You can never be too prepared for a field like journalism.
The day-to-day learning and research is a forever commitment. Not to mention, journalism is quite crucial. To cope with the vastness and the ever dynamic world, digital media is especially striving to meet the expectations of the audience or working to ‘wow’ them.
But that makes you wonder – are schools falling behind in capturing the zeal of journalism’s inner and intense workings? Or is the necessary framework actually at play to help establish a student into a potential journalist?
A private university level education in journalism – be it just a course or an entire major – does, in fact, teach you the fundamentals.
The course that my alma mater North South University (NSU) offers, ENG457, teaches a wide range of topics based on print, online and broadcast journalism.
But there is a stark difference between covering assignments, learning through lecture notes, reading up on events and actually covering it, all while catering to the people. This is something that can only be learned on the field.
Nevertheless, what I picked up through ENG457 has been a tool to mechanise and capitalise in the newsroom.
Fall 2020: A computer for a classroom
Studying journalism over online classes at NSU during the pandemic was an undeniably challenging experience. It was just me in my study space, and my teacher and classmates on a screen across Google Meet.
But the course outlined by NSU was incredibly engaging and even enlightening. It challenged us, showed us the scopes of journalism and its pitfalls, such as our lessons on libel, the DSA (now CSA), misinformation and disinformation, fact-checking, among various other concerns.
I also credit my teacher who had shed light on these concerns and more through active participation of all students.
We had two course books: An Introduction to Journalism by Carole Flemming, Emma Hemmigway, Gillian Moore and David Welford and Shortcuts to Journalism: The Basics of Print, Online and Broadcast Reporting by Elisabeth Schmidt, Markus Tirok, and Marcus Bösch.
As part of the quizzes, midterms and final exams, we worked on write-ups concerning an array of issues.
Writing a news report on Shirley Jackson’s short story “The Lottery”; interviewing a rickshaw puller on how he’d being pulling his weight during the lockdowns amid the pandemic; imagining we’re at that conference by Shashi Tharoor and covering it watching a YouTube video; writing that op-ed on deaths by suicide of famous people, such as Sushant Singh Rajput and Chester Bennington; a timely feature article interviewing teachers about their struggles and woes of endless hours and connecting with students in a virtual classroom, a first in recent history; doing a podcast for finals on the glaring issue of rape from research off media reports.

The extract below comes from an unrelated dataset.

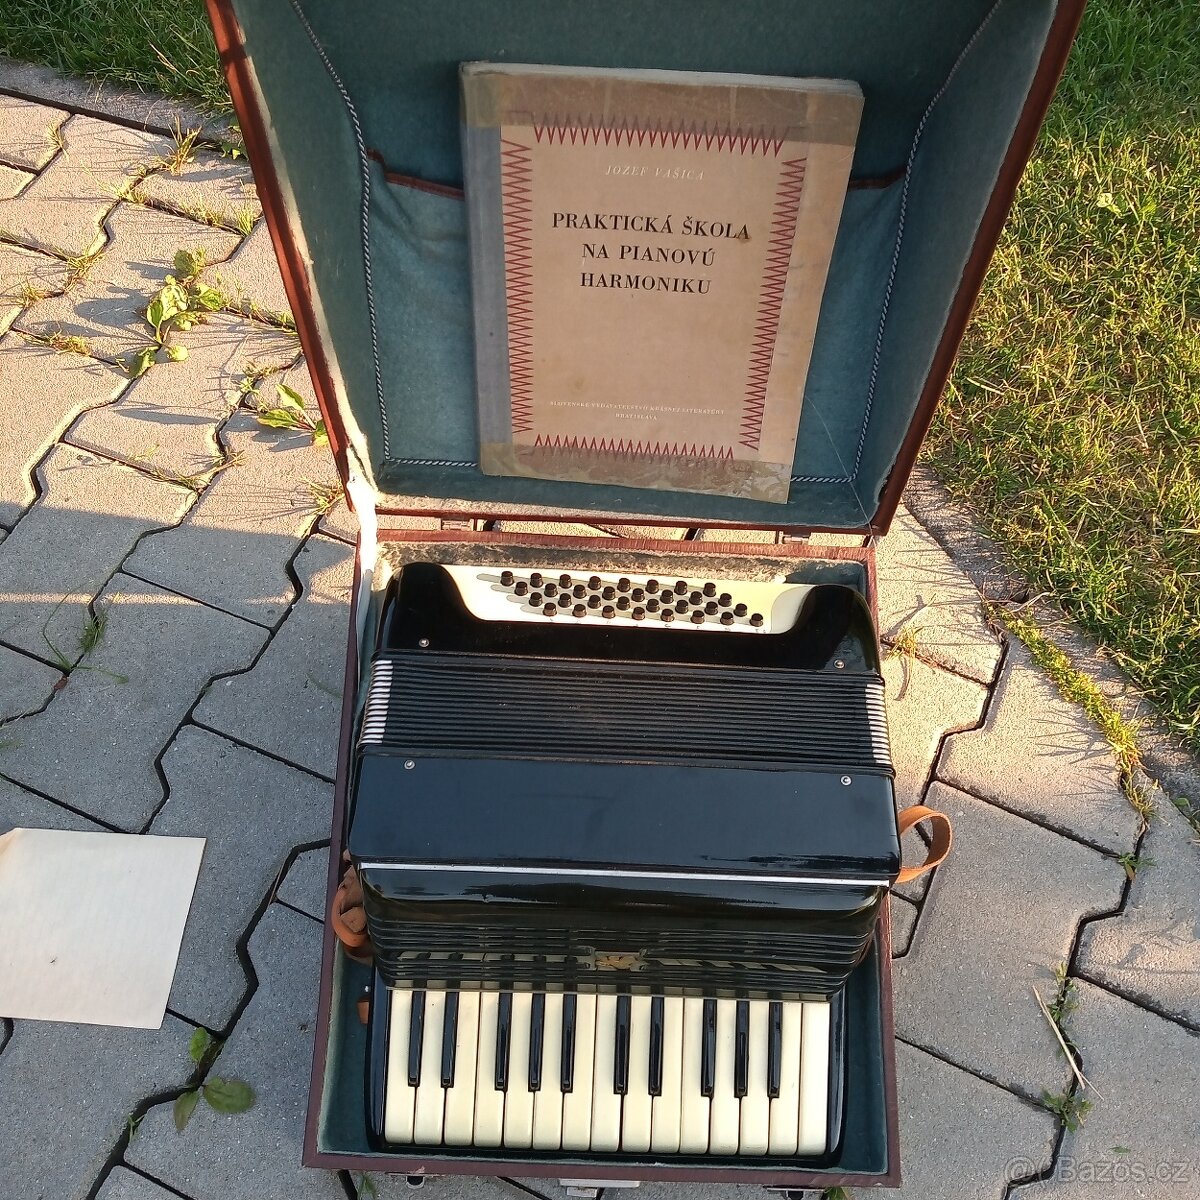 Prodam pianovou harmoniku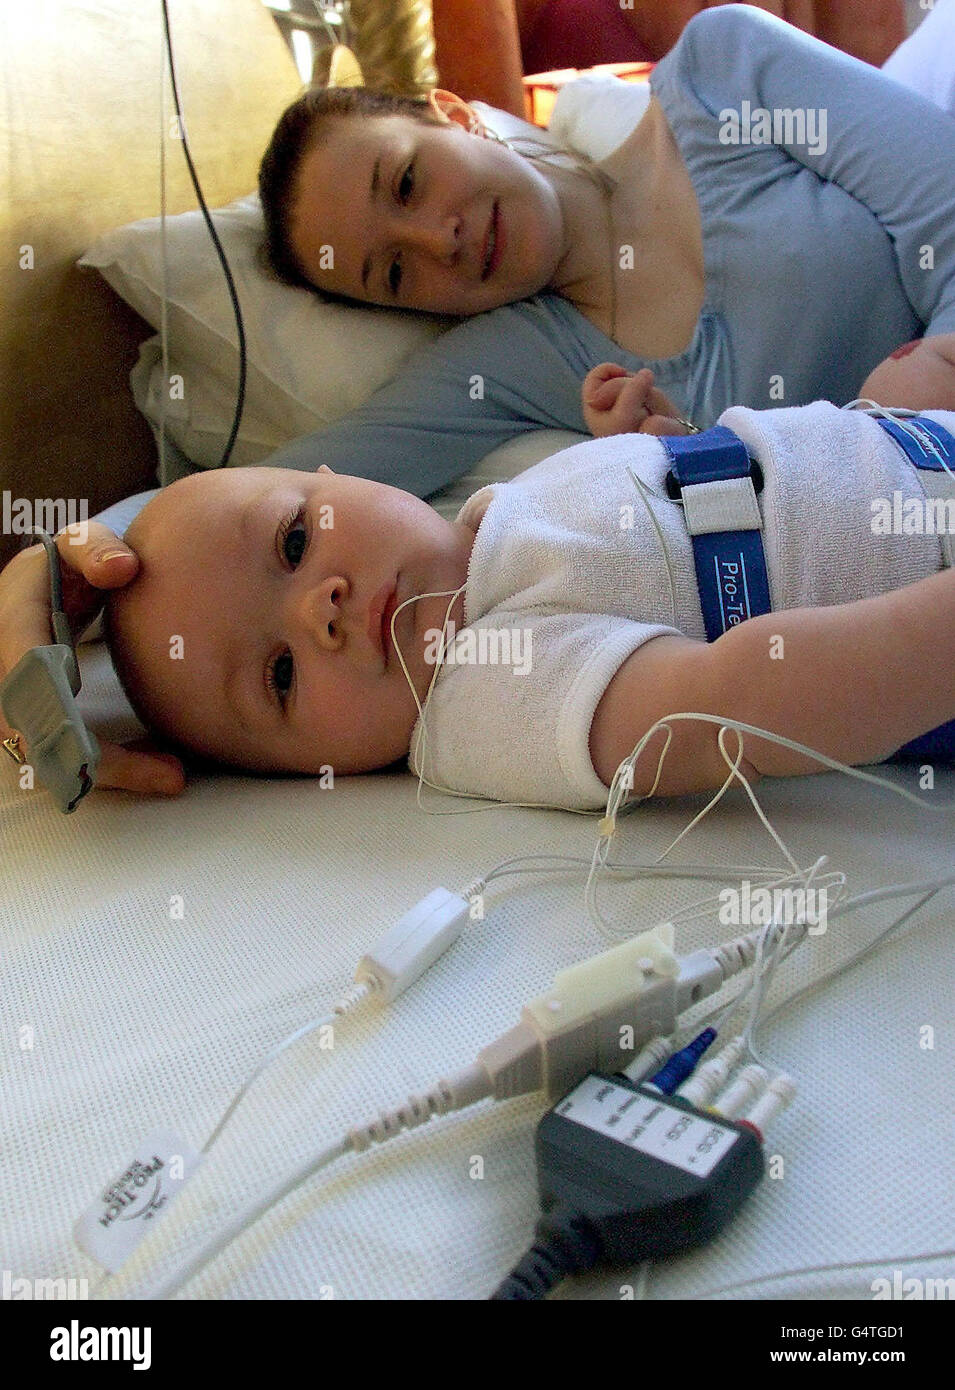 Eleanor Robertson, de 20 años, con su hijo Lewis de 19 meses, en el laboratorio de sueño de la Universidad de Durham, que estudia los patrones de sueño de las madres y los bebés cuando comparten la cama, lo que los investigadores esperan que ayude a combatir el Síndrome de muerte súbita del lactante (SIDS). Foto de stock

Such was the scope of my education and more, which prompted me to eventually take on journalism as a profession. Little did I know, I had only touched the tip of the iceberg.
Classroom was fun, but catching my beat in the newsroom was a far greater challenge.
Reality is much more gruesome and dire
It has to do with actual reports on rape victims, seeing gory images of beheaded, slaughtered or dismembered bodies, covering major events like the Bangabazar fire, various accidents, the Ukraine-Russia war, and now the Hamas-Israel war.
Oftentimes, our reporters are in the morgues as the victims’ names are being confirmed so we can list them in the story we are filing.
As of writing this article, I have covered a nationwide rally by the leading political parties where images and reports of various injuries and footage of a policeman being beaten to death surfaced.
Viewer discretion is a caution for the readers, but journalists have no choice but to bear the brunt of such imagery on a daily basis.
Can a classroom really ever prepare you for the mental toll that at times comes with the job?
The appeal to connect is a nerve-wracking challenge when you must present and persuade the facts to your readers.
What was once just a chapter on issues like libel or DSA (now CSA) is an actual concern.
It is not all dark and glum, though.
It was not until I stepped into a newsroom that I knew there are also those moments of the utter thrill of breaking a story, being the first to shed light on a subject and sharing information that can help or regulate or bring forth a motion.
Such a line of work is not an easy feat.
It takes you for everything you have got – your intelligence, empathy, integrity, drive, capacity, even emotions.
And that is the rarest of sparks only a newsroom can light up, that is, if you love a good challenge.